A more useful question than What do I want to do? is What would be the most powerful thing to do? We might want to eat a carton of ice cream, but a walk feeds our health, well-being, and thus personal power much better. After all, one carton of ice cream leads nowhere but to another. Personal power can lead us to joy and experience a carton of ice cream never dreamed of.
- If we don’t choose to do difficult, frightening, or new things, we’ll never grow.
- If we don’t choose to take care of our bodies, they won’t function well.
- If we don’t choose to be self-sufficient and resilient, we’ll be dependent.
- If we don’t choose to learn anything, we’ll remain ignorant.
- If we don’t choose to plan ahead, prepare, or manage consequences, we diminish our choices, waste resource, and weaken the contribution we’re capable of making.

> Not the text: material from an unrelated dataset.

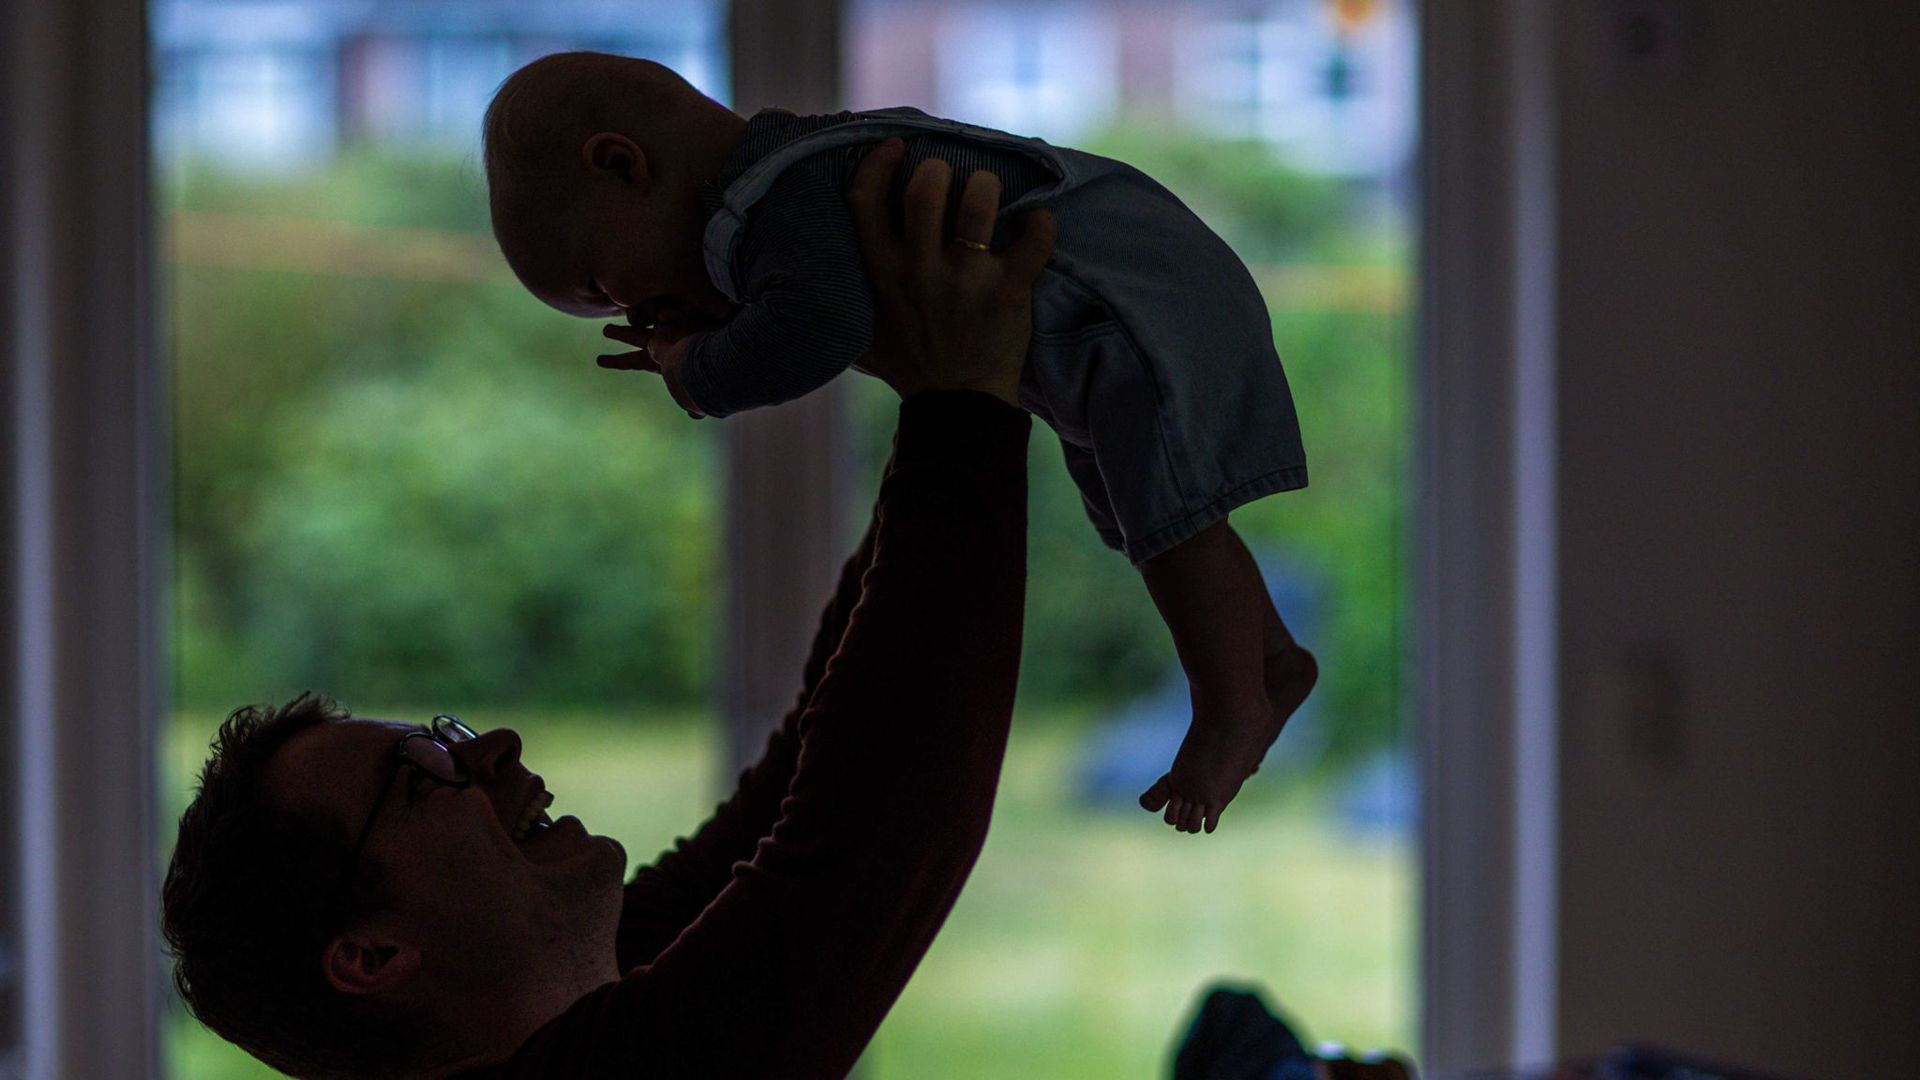 SAP rechnet mit 700 bis 800 Vätern pro Jahr in Deutschland, wenn mehr als 90 Prozent der Berechtigten das Angebot annehmen.
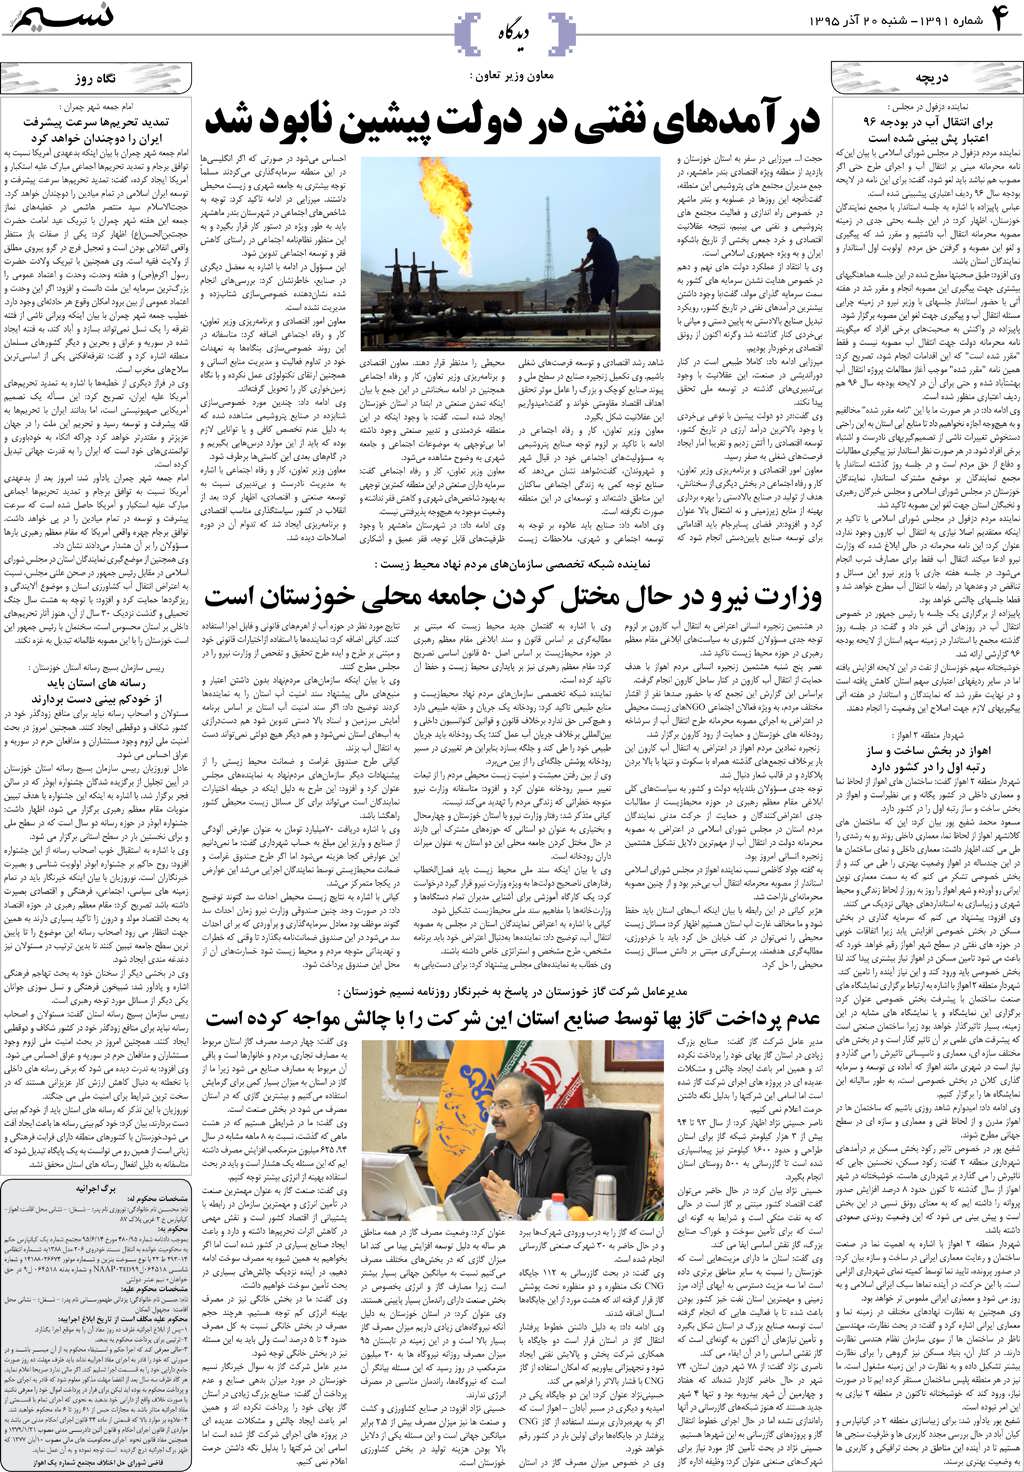 صفحه دیدگاه روزنامه نسیم شماره 1391

- If we don’t choose the responsibility of commitment and making choices, someone else will make our choices for us.
And so on.
I’m changing the frame. I’m less interested in what I want and what I don’t want and more interested in how my choices affect my power, and the power of those around me. I’m willing to do what I don’t want to do if it’s a step on a road leading to integrity, power, healthy relationship, or anything else important to me. At the same time, I can exercise my right to say no to things that won’t take me where I want to go.
It’s about power, not desire. Any three-year-old can want and not want. It takes an adult to manage a healthy balance of personal power.